The shear wild beauty of the sculpted body that lay before me left me awestruck. I knelt on the ground, reached out, and touched this decent size mountain lion. Half of my attention in reverent fascination with this stunning creature, the other half of my attention scanning the environment for any signs my five senses might pick up. This beautiful cat was not resting or sleeping—it was dead— and something had killed it. It did not take long to determine that this lion had not been shot as I originally suspected, but it had died just a few hours before our discovery. All the signs were there, another mountain lion, presumably more agile, larger, and experienced, had taken this cat. While I have observed rare animals in many parts of the planet, wild mountain lions had often eluded me. Now, I finally had a chance to touch, to smell, to examine up-close this elusive animal.

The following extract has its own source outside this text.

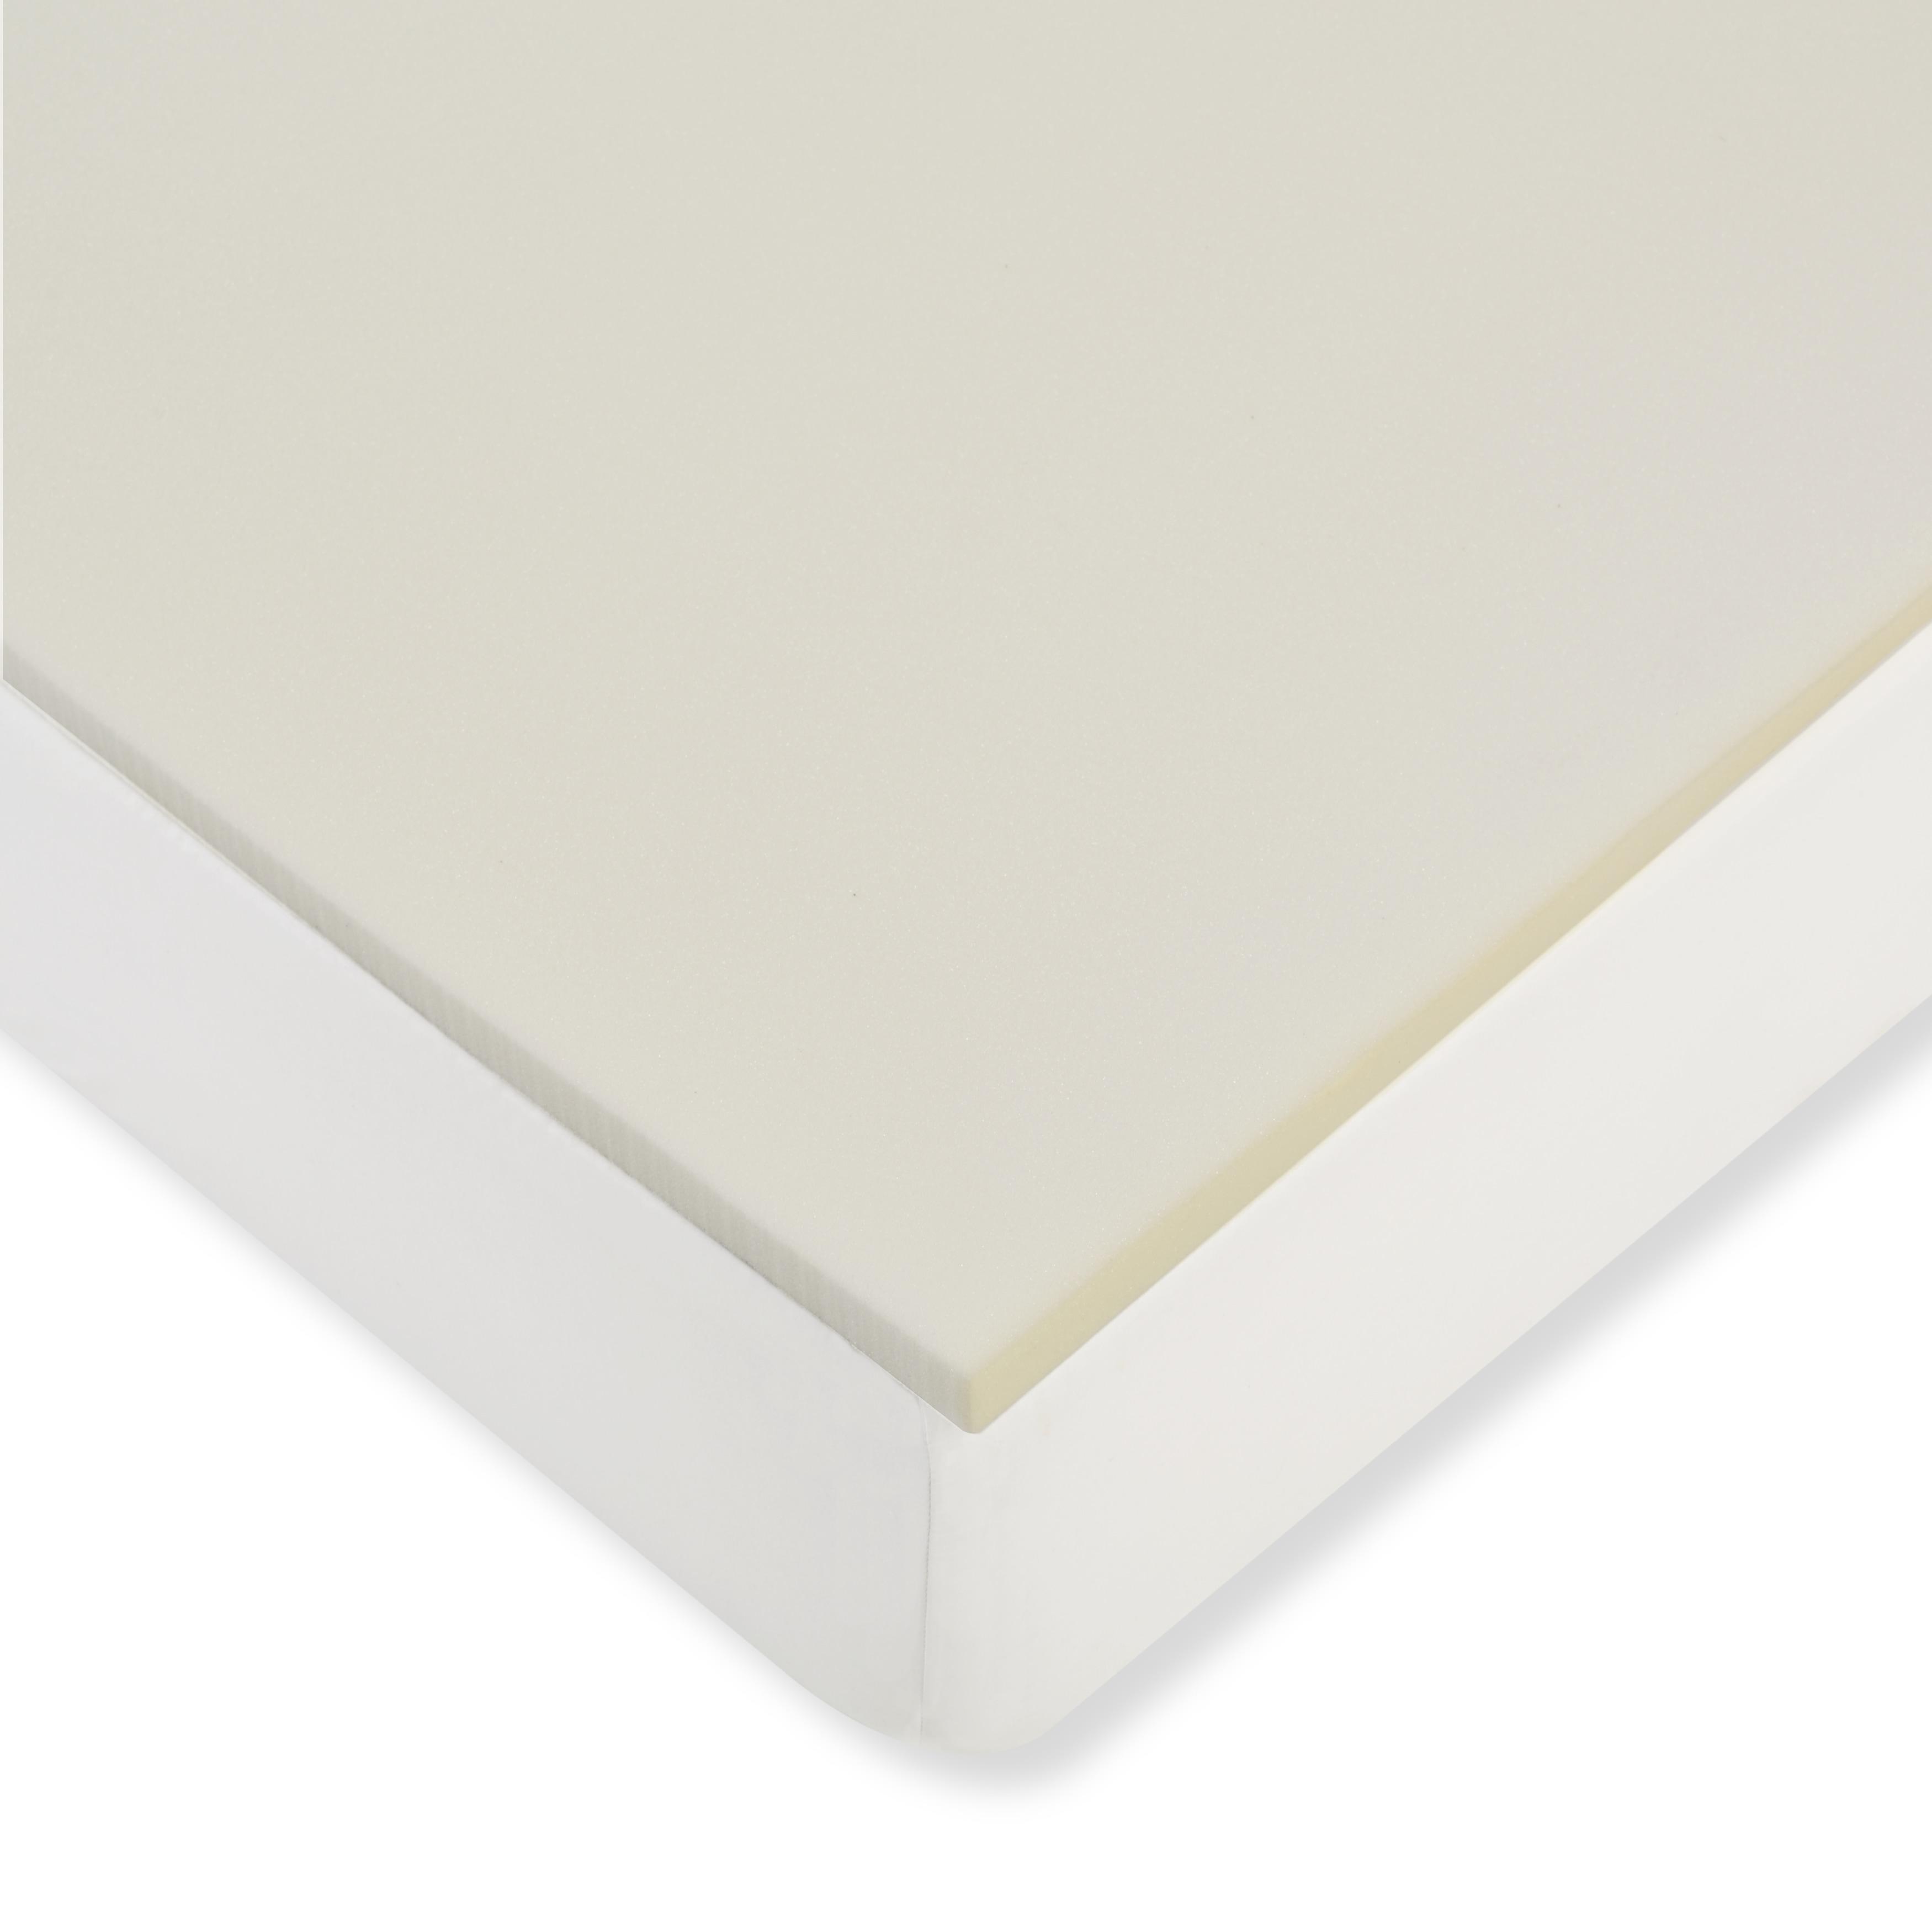 bath topper bed mattress wayfair gel foam pdx lucid memory reviews
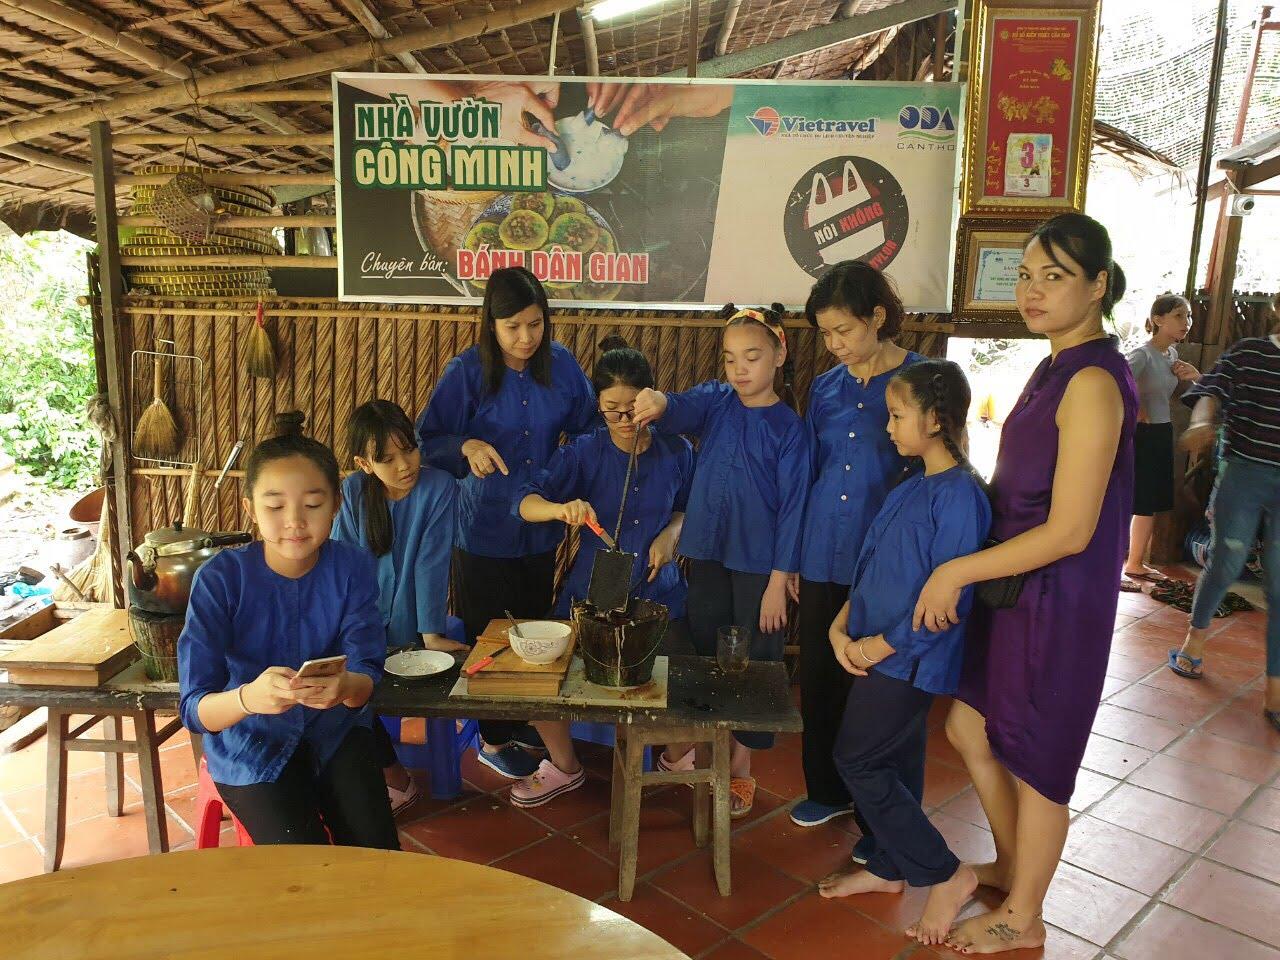 Tour Du lịch Miền Tây 2N1Đ: Cần Thơ - Đồng Tháp 1

Mountain lions (Puma concolor, also commonly known as cougar) were originally found over most of North America all the way down to the tip of South America. Although much is still not known about these reclusive animals, its current range in the United States is severely reduced to the wild areas of western states. These large cats can inhabit everything from deserts to high mountains, however, for the most part they prefer forested and dense brushy areas with occasional clearings and few humans. This, of course, describes many parts of Monterey County. Since 1972 there has been a ban on trophy hunting mountain lions in California. In some areas their populations have continued to decline despite the ban. Cougars are solitary and depending on the habitat can need an average of 100 square miles of territory or more. As human population increases cougar habitat has become more fragmented and has decreased in size, causing more contact with humans. Often it is inexperienced juveniles that have been pushed to the edges of wild areas that people encounter.

Nothing in the animal kingdom moves with quite the mix of grace, stealth, and agility of cats. Mountain lions are perhaps the pinnacle of this feline poetry in motion. With exceptional wide-angle night vision, the ability to hear well beyond human range, running speeds of 50 mph, and the bounding and leaping abilities that far exceed Olympians, cougars are the elite athletes of the wilds. Adults are generally 5-8 feet long including the tail. The tan color of their fur blends well with California’s vegetation. Their tail is long with a dark tip that measures 1/3 their body length. Adults can weigh anywhere for 90 to 180 pounds. The cougar I found was a male juvenile and weighed 120 pounds.

Cougars preferred food is almost always deer, although they will take opossum, raccoons, coyotes, and other medium sized mammals. They are nocturnal hunters usually out anytime from dusk to dawn. Adult cougars are secretive and solitary animals that come together only to mate. Young cubs have faint rings around their tails and spots on their body that they lose as they mature. Around 18 months the young are out on their own and must not only find food, but more important, must find territory that is not already taken by other cougars. Less than half will make it past 2 years old.

Mountain lions are the most stealthy and elusive of the large predators of North America. The manner in which most of us will experience these creatures in the wild will be by the signs of their passing by and not by direct contact. The first time I clearly identified mountain lion tracks was on an infrequently used road in Big Sur. There had been a recent rain and the mud on the road made near perfect casts of their large paws. When walking their rear paws often cover the prints of their fore paws. The overall print is round in shape with no claw marks with the forepaw being slightly larger and wider than the hind. Cougars have a unique “M” shape at the front of the pad that further differentiates their track from members of the dog family. Their scat is larger than dogs often containing deer hair and bones. Occasionally I have seen an area where they scuff the groundcover and spray, or have found a scratch post where you can see the claw marks of the cat marking its territory.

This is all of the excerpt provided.